Description of the task = Copy, pictures aside: the lines below from the one that holds "Bottom cascade of" through the final line of the listing, both ends included, exactly as they are and nothing else.
The data Start Marker
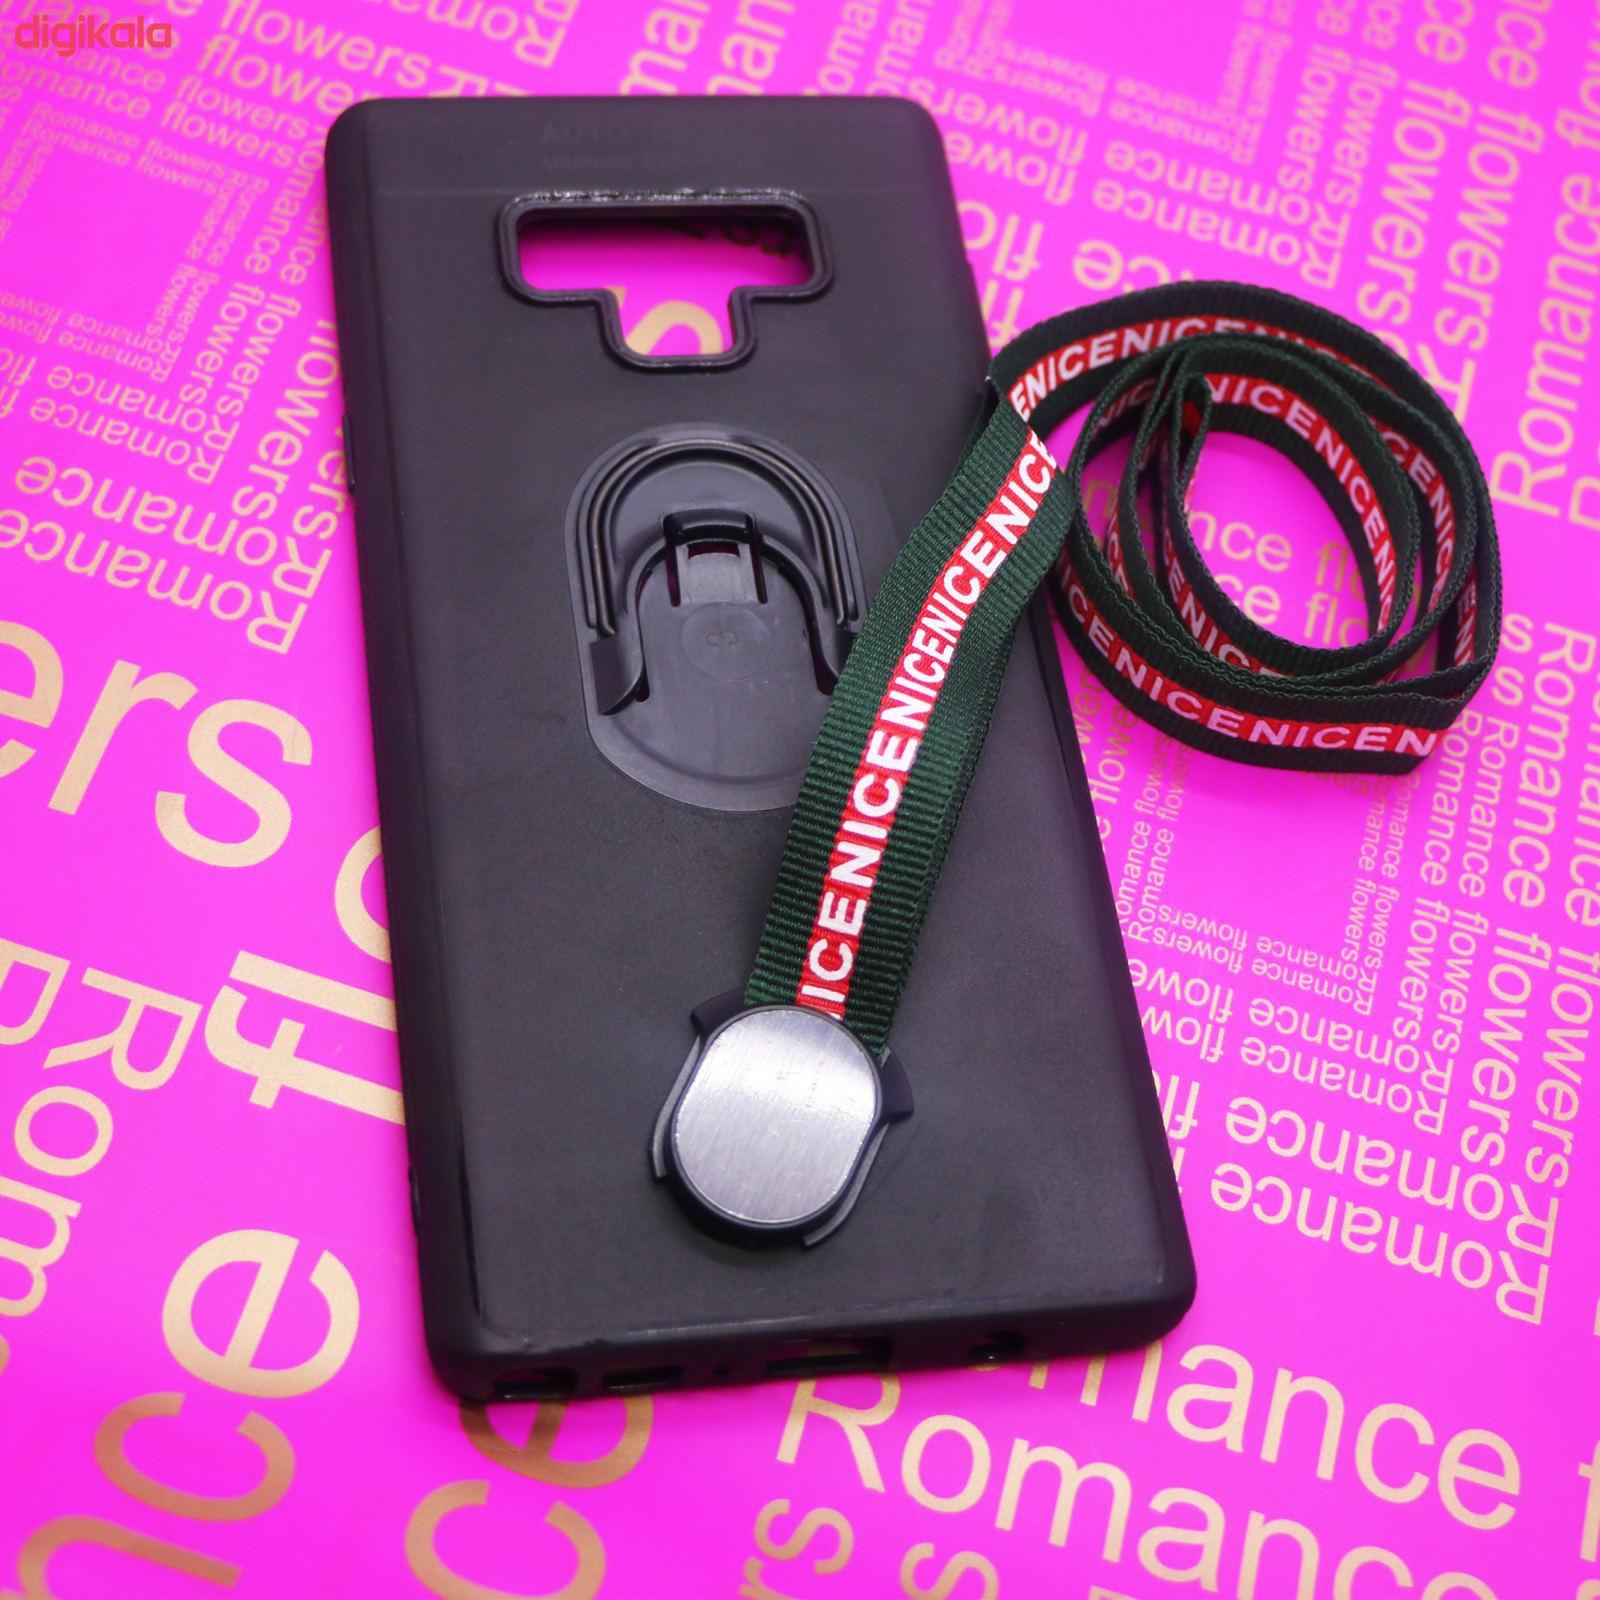 کاور BND-01 مناسب برای گوشی موبایل سامسونگ Galaxy Note 9   main 1 1
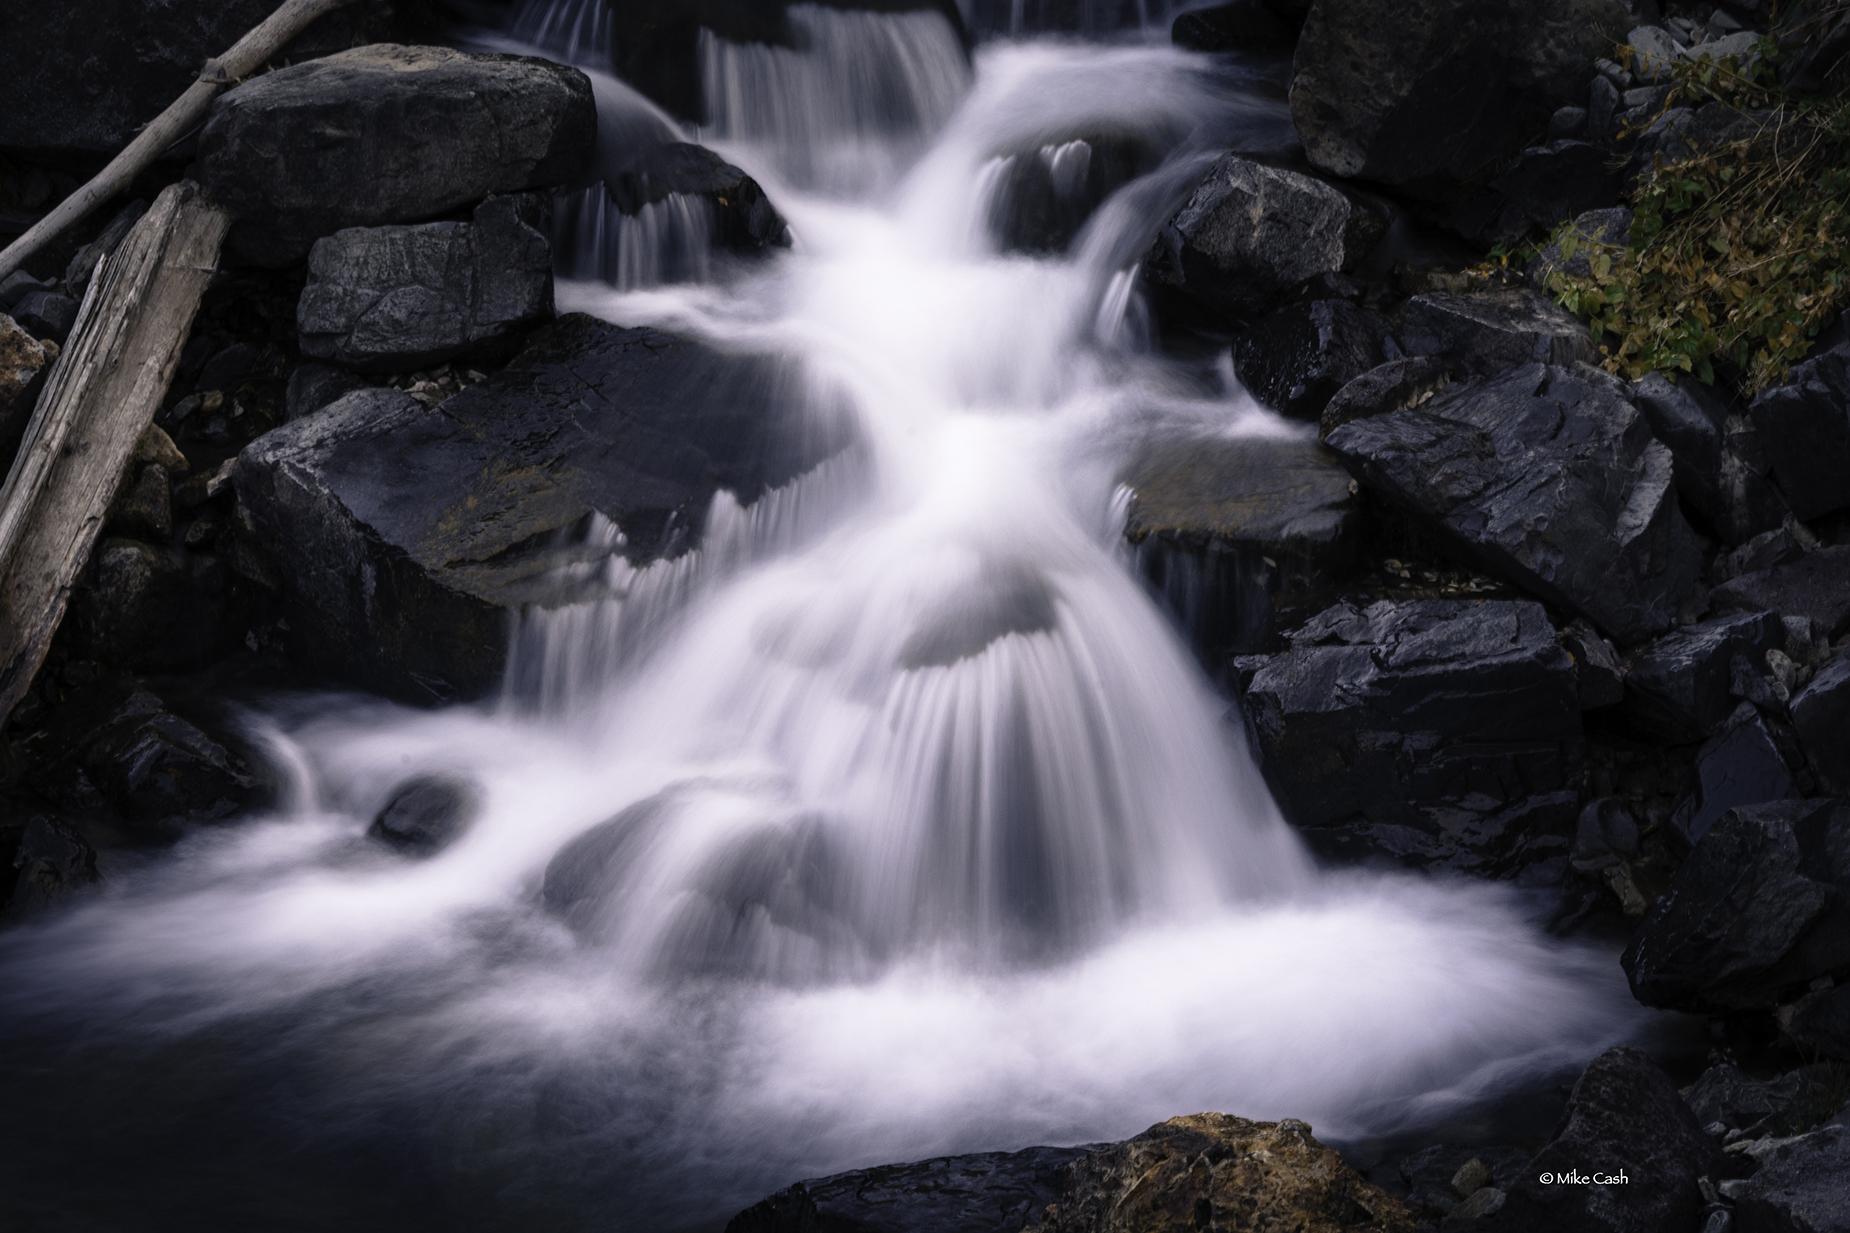 Bottom cascade of the falls near Yankee Boy Basin
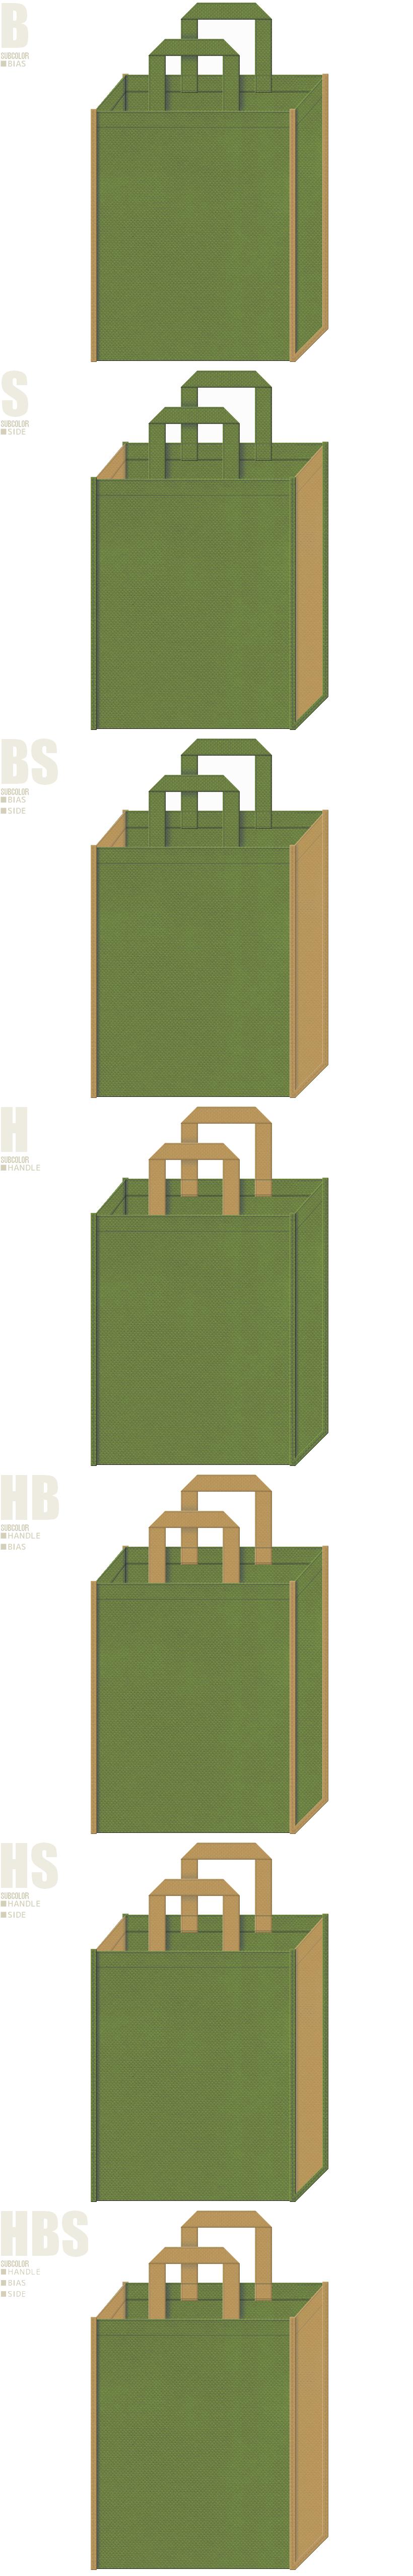 江戸・草履・草鞋・飛脚・暖簾・旅館・和風建築の展示会用バッグにお奨めの不織布バッグデザイン:草色と金黄土色の不織布バッグ配色7パターン。
The data End Marker
Worked solution =
 Bottom cascade of the falls near Yankee Boy Basin
 江戸・草履・草鞋・飛脚・暖簾・旅館・和風建築の展示会用バッグにお奨めの不織布バッグデザイン:草色と金黄土色の不織布バッグ配色7パターン。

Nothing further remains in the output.